Rector of the Federal School of Dental Technology & Therapy
- Incumbent
- Assumed office Oct 2016

Personal details
- Born: 18 June 1966 (age 60) Nsit-Ubium, Akwa Ibom State, Nigeria
- Party: Non-Partisan

= John Emaimo =

Nigerian academic

Prof. John Emaimo (born 18 June 1966) is currently serving his second term as the rector of Federal School of Dental Technology & Therapy, Enugu, Nigeria (the only college of its kind in Nigeria that trains dental technologists, dental therapists and dental nurses). His Excellency the President of the Federal Republic of Nigeria magnanimously approved the conversation of Federal School of Dental Technology & Therapy, Enugu to a university thereby giving the first training school for Dental Technologist and Therapist another nomenclature to Federal University of Allied Health and Science, Enugu which makes the rector Prof. John Emaimo the acting Vice Chancellor of the university until 25th March, 2025 when he was appointed as the substantive Vice Chancellor of the university making him to become the First Dental Technologist in Nigeria to become a Vice Chancellor in a Nigeria University.

== Education ==
John Emaimo had his secondary education at Comprehensive Secondary School, Nnung Obong, Akwa Ibom from 1979 to 1984, where he received the West African Examinations Council certificate in 1984. He then obtained a professional certificate in dental technology from the School of Medical Sciences, Ojo-Lagos (1987-1991, and a first degree in public administration from Ambrose Alli University).
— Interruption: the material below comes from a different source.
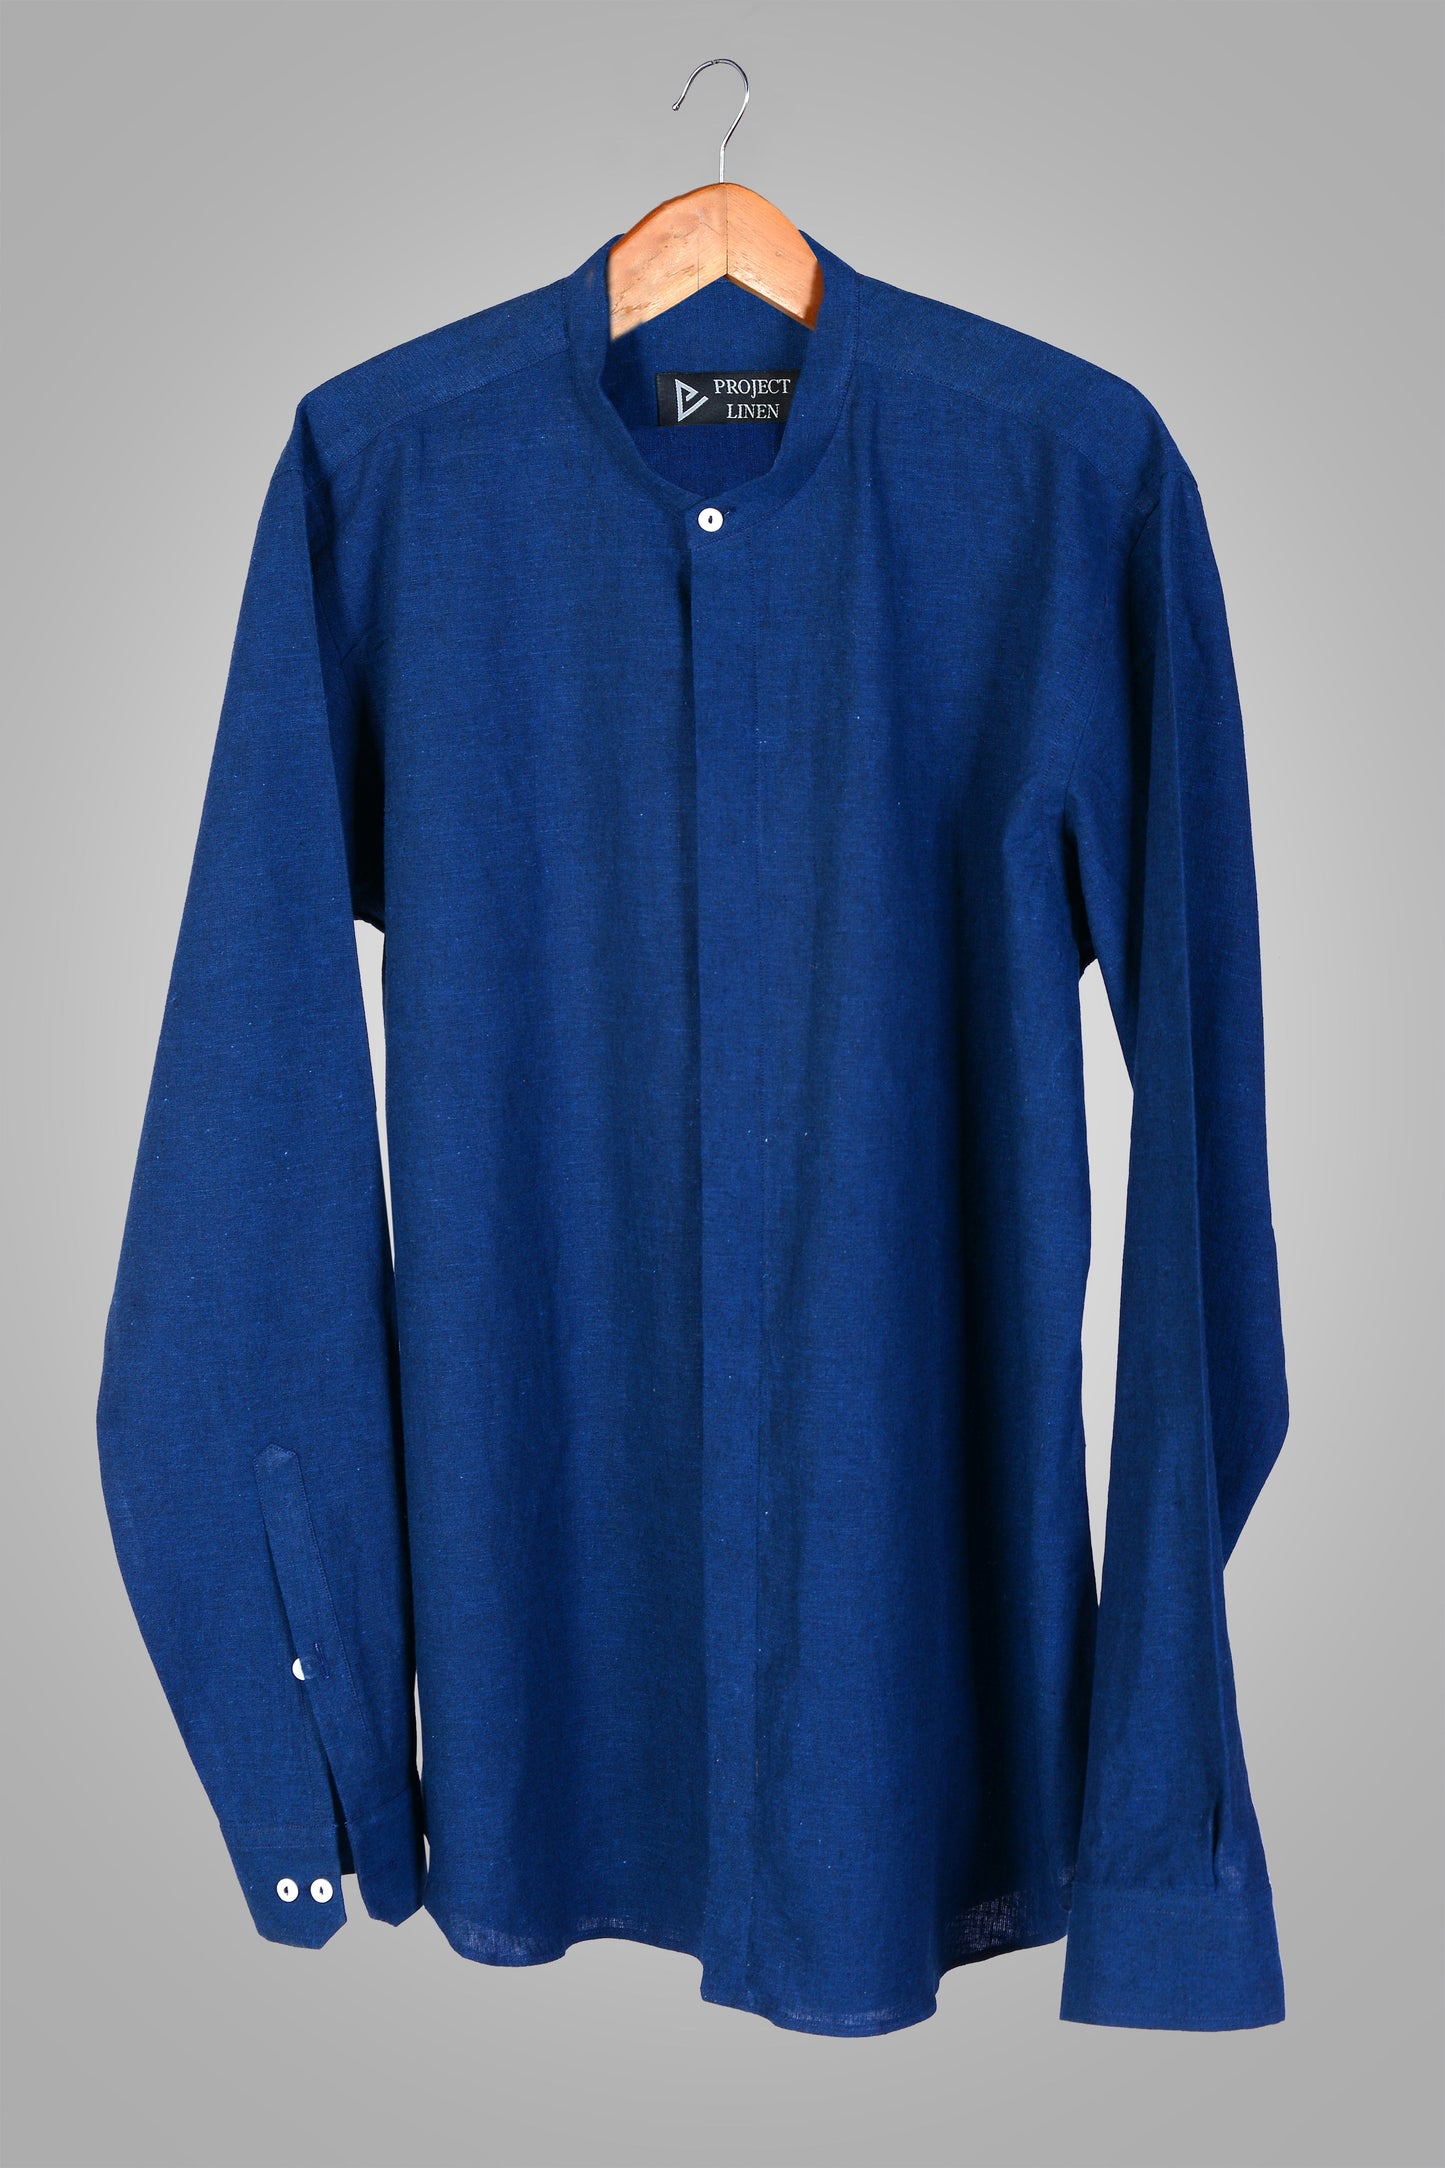 Berry Blue linen shirt - Her's
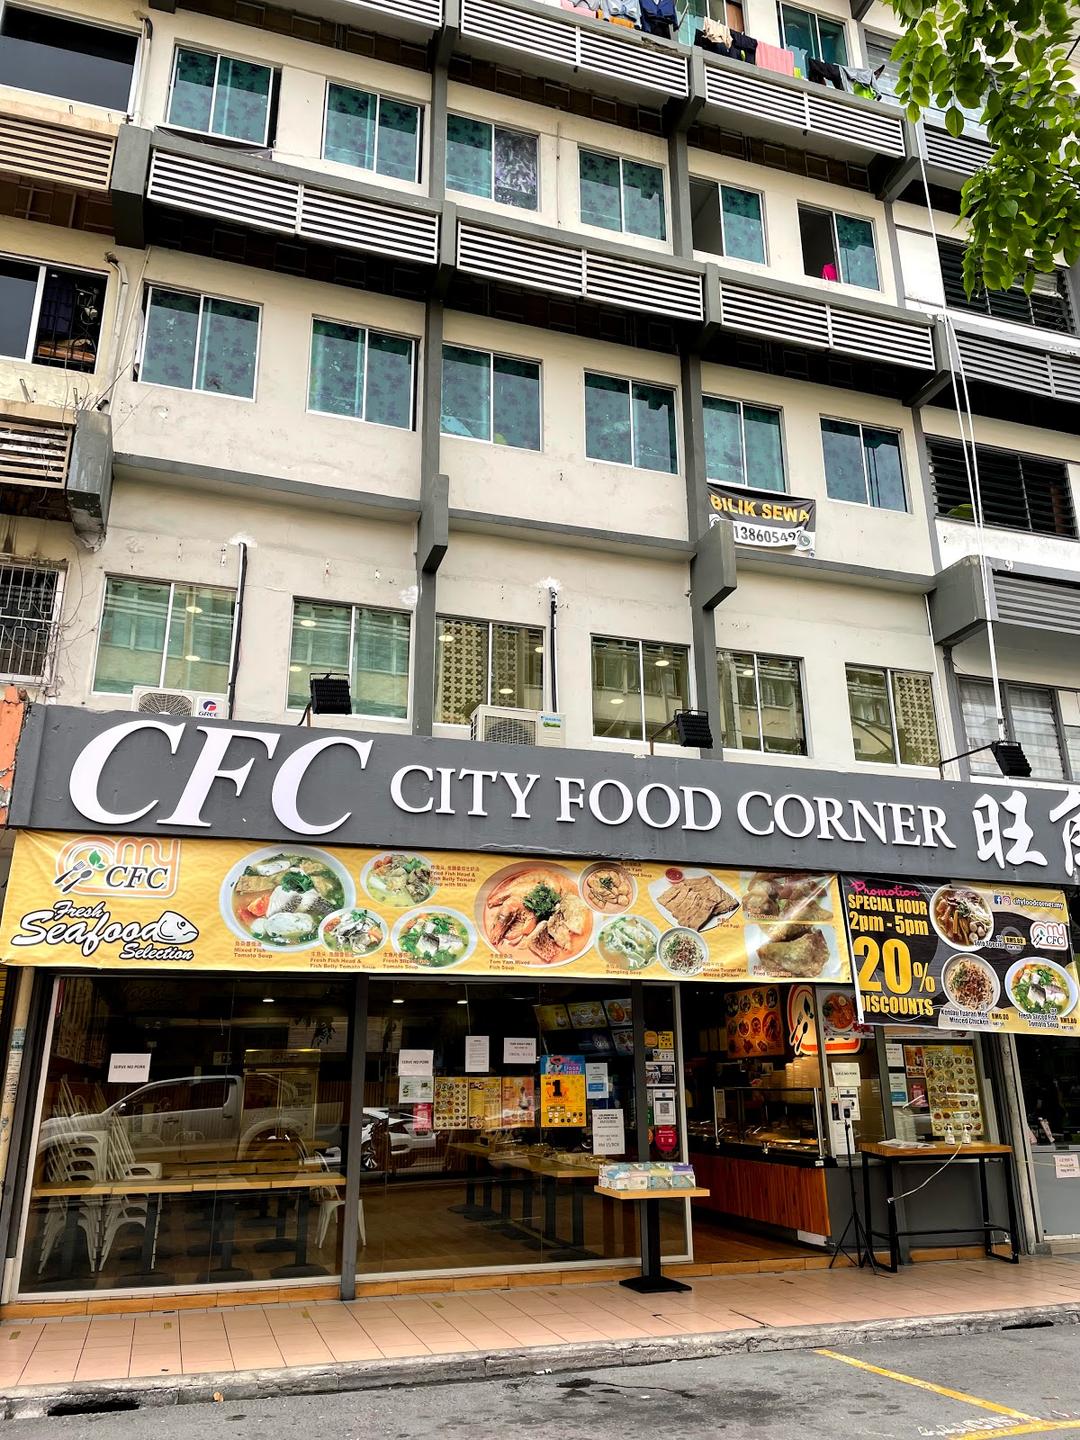 Photo of City Food Corner @ Gaya Street - Kota Kinabalu, Sabah, Malaysia

He currently holds two master's degrees, in social work and public administration from Lagos State University, Ojo-Lagos (1987-1991). and Ladoke Akintola University of Technology, Ogbomosho, respectively and a PhD in Social work from the University of Jos, Jos. He has several other professional and executive certificates from other universities, notably a Certificate in International Health Consulting from the Liverpool School of Tropical Medicine.

== Career ==
He worked in the early stage of his career as a dental technologist at the 3rd Division (Nigeria) Medical Centre, Jos and became the head of Dental Technology Services in Abuja. Afterwards he began a lecturing career at the Institute of Development Administrations; a moderated Centre of University of Ibadan Distance Learning Centre as a lecturer II and grew along the ranks at the Institute of Development Administration/Distance Learning Centre, University of Ibadan and was appointed Rector of the Federal School of Dental Technology & Therapy Nigeria, in 2016 - a position he currently occupies.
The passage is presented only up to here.